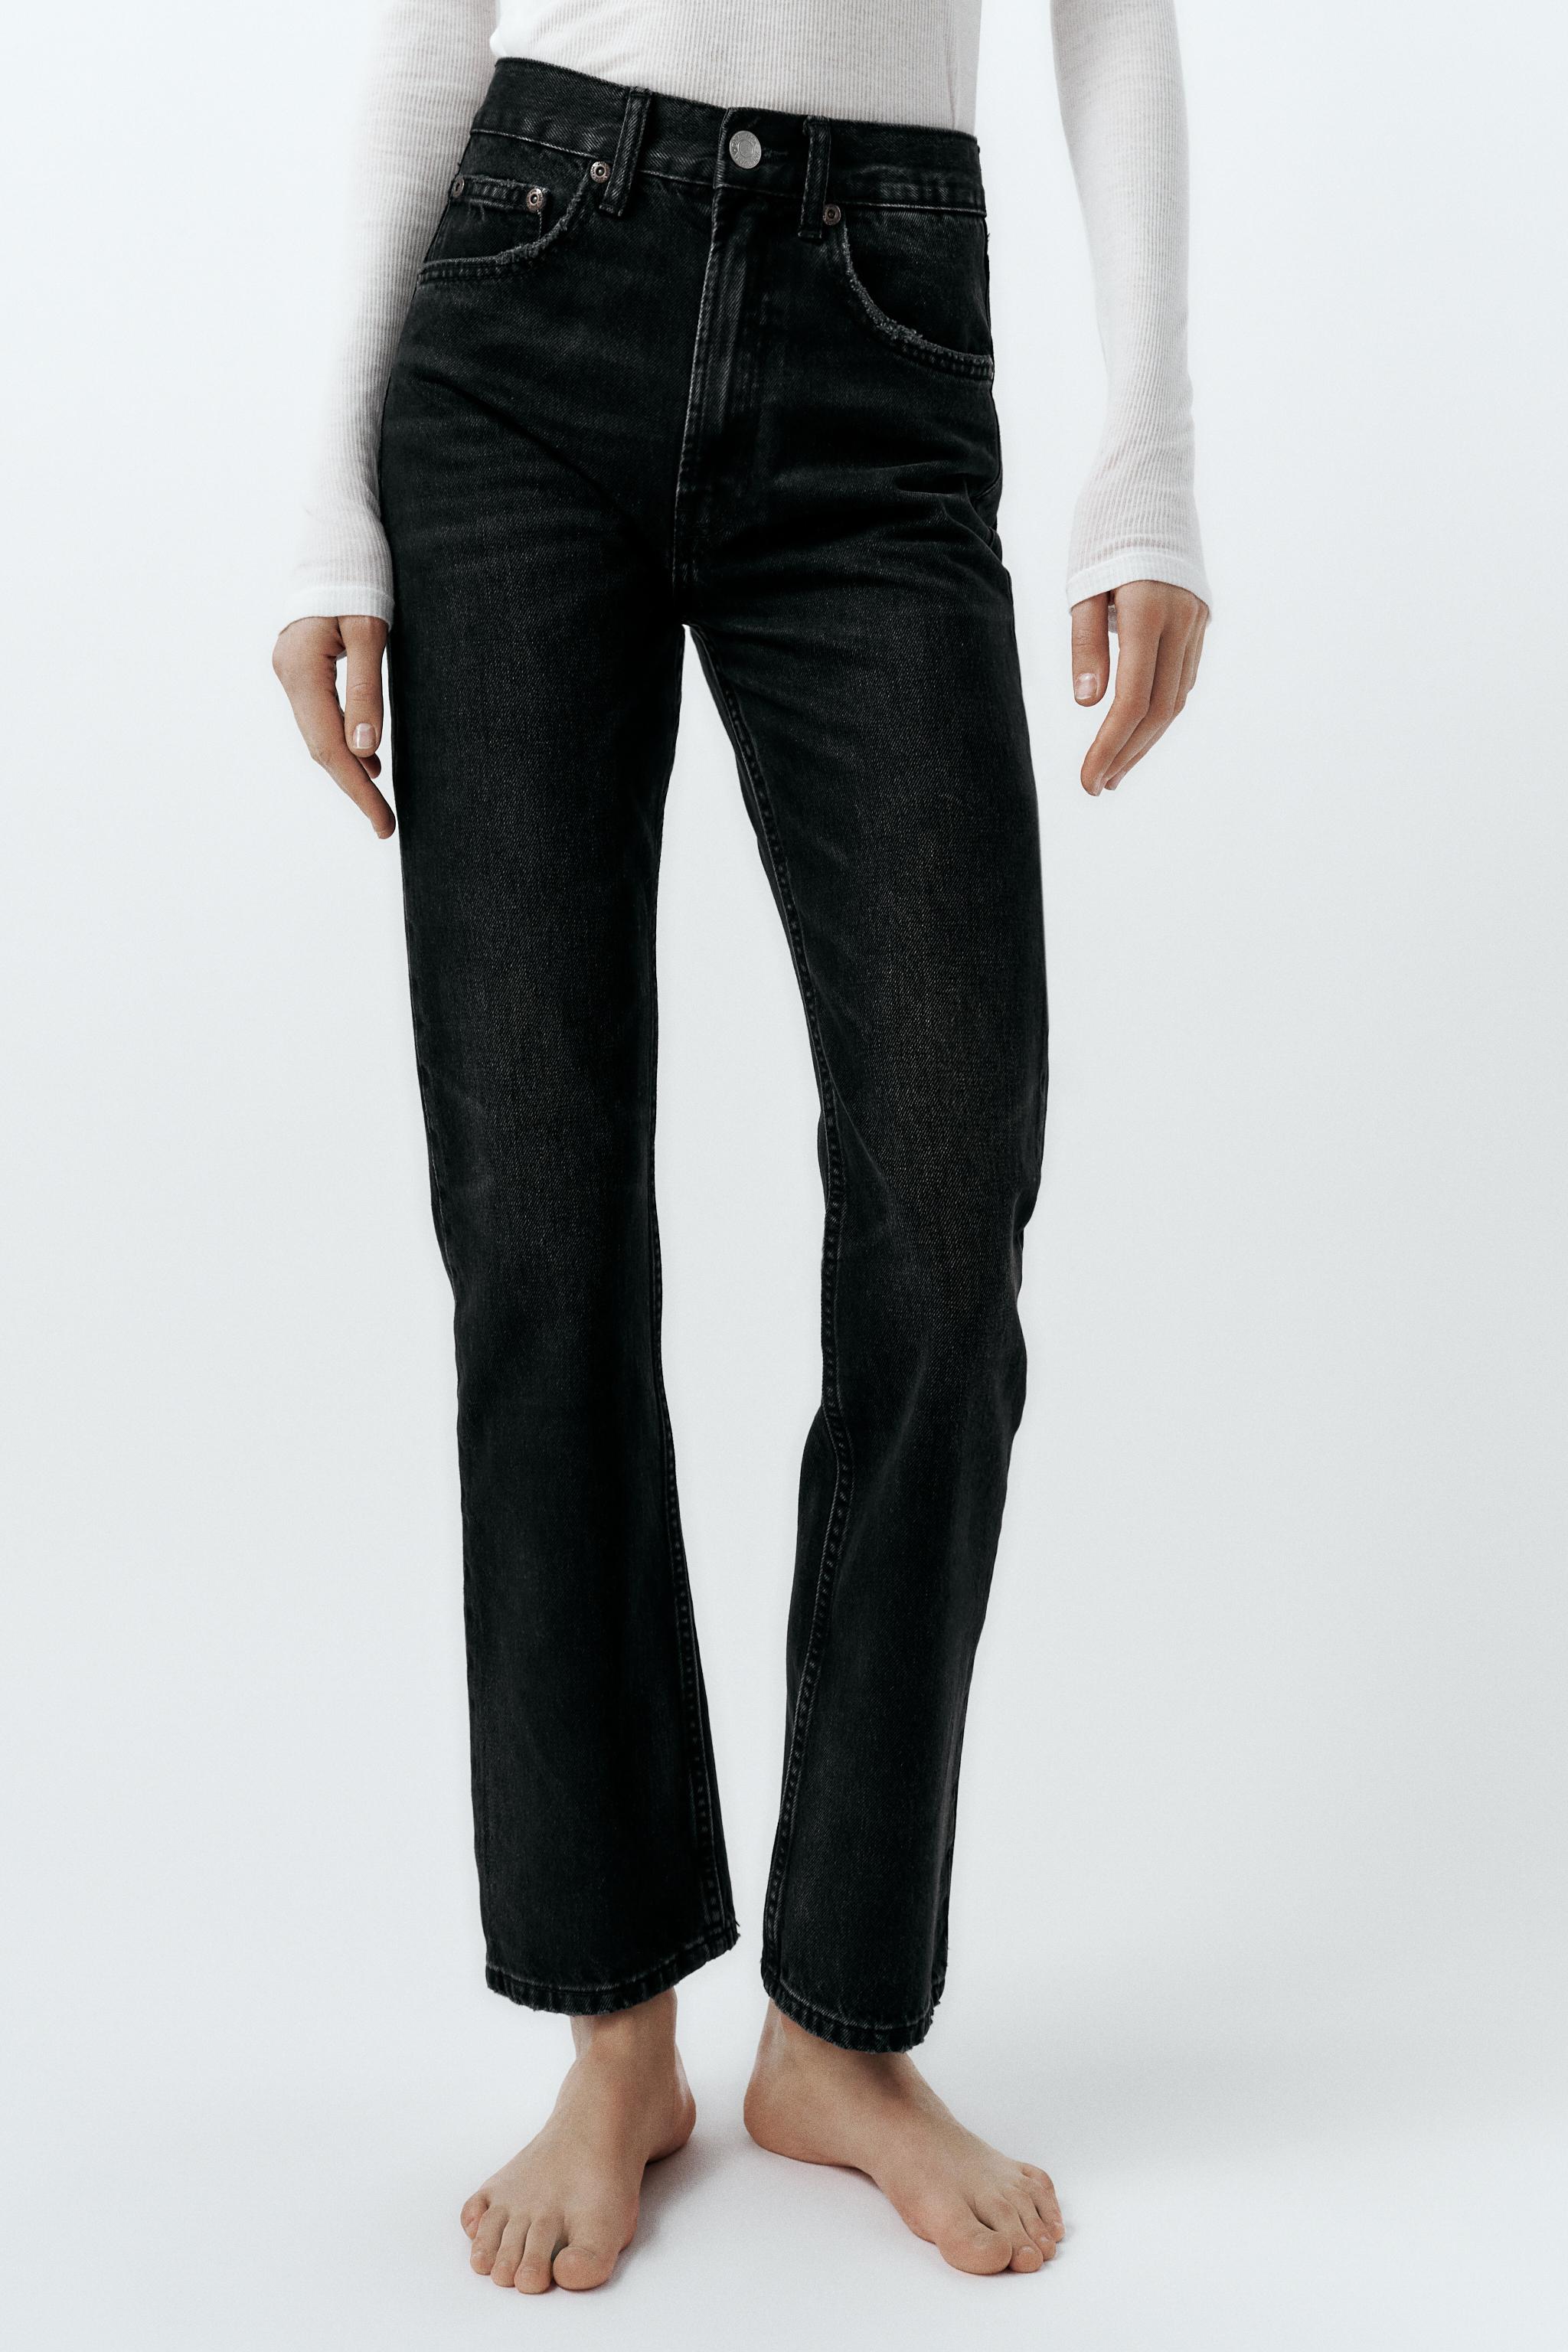 Buy BuyNewTrend Black Denim Straight Wide Leg Women Jeans Online
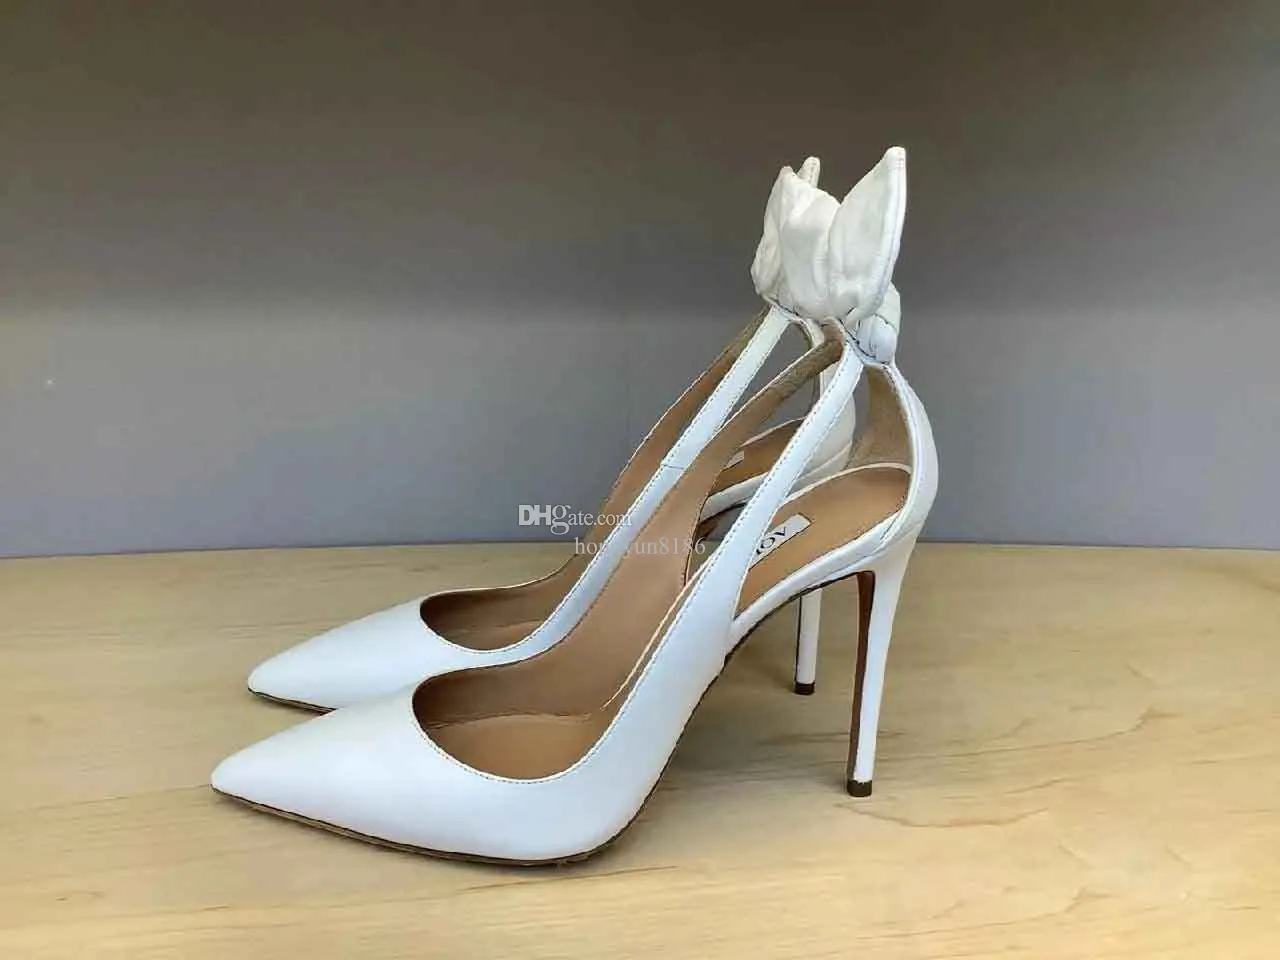 Retro Women designer Sandals Shoes Strappy Design Aquazzures Bow Tie Pumpas in Blush Suede Sandal Bridal Wedding Party Lady High Heels Mules WITH BOX 35-43
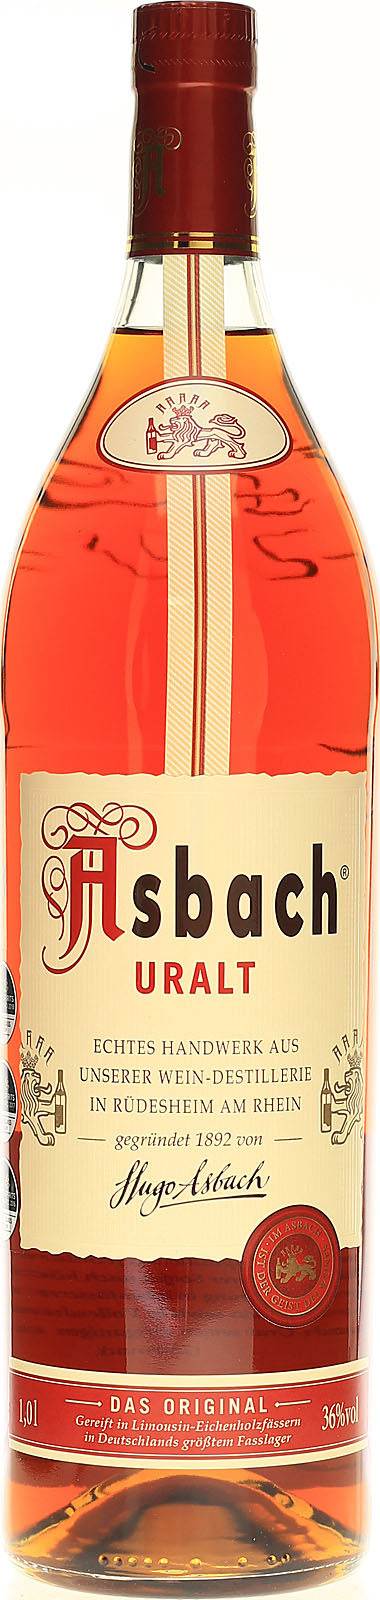 Uralt, Weinbrand Asbach deutscher

□ □ □ □

#### What the task asks
Pictures stay out. Copy exactly, and only, the lines from the one containing "Retro Women designer" through the end of the data.

#### Task output
 Retro Women designer Sandals Shoes Strappy Design Aquazzures Bow Tie Pumpas in Blush Suede Sandal Bridal Wedding Party Lady High Heels Mules WITH BOX 35-43
 Uralt, Weinbrand Asbach deutscher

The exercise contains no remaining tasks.